Vatican Praised for Efforts to Combat Money-Laundering

VATICAN CITY
ABC News

By NICOLE WINFIELD, ASSOCIATED PRESS
VATICAN CITY — Dec 15, 2015

Vatican prosecutors have launched 13 new investigations into suspected money-laundering this year, and currently have frozen some 11 million euros ($12.1 million) as part of beefed-up measures to prevent illicit activity at the Vatican’s scandal-marred bank, according to a report released Tuesday.

The Council of Europe’s Moneyval committee revealed the findings in a periodic progress report on the Holy See’s compliance with international norms to fight money-laundering and terror financing.

Moneyval praised the Holy See for addressing most of the outstanding legal loopholes flagged in the committee’s original 2012 evaluation. But it said it remained unclear how the laws are being implemented, since prosecutors haven’t yet handed down any money-laundering indictments despite having 25 investigations open, half of them launched this year.
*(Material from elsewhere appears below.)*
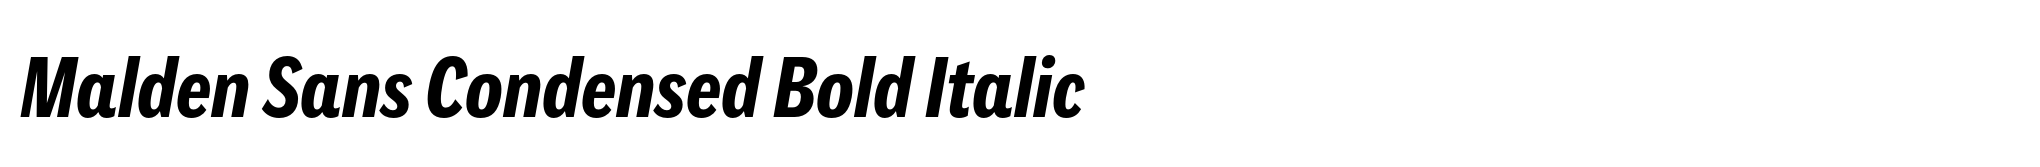 Malden Sans Condensed Bold Italic image

The Vatican submitted itself to the Moneyval evaluation process after it signed onto the 2009 EU Monetary Convention and in a bid to shed its image as a financially shady tax haven whose bank has long been embroiled in scandal.

In recent years, the Vatican has written and rewritten laws criminalizing money-laundering, entered into financial information-sharing agreements with dozens of countries, closed nearly 5,000 accounts at its bank and made sure it knows the background of all the clients who stayed on.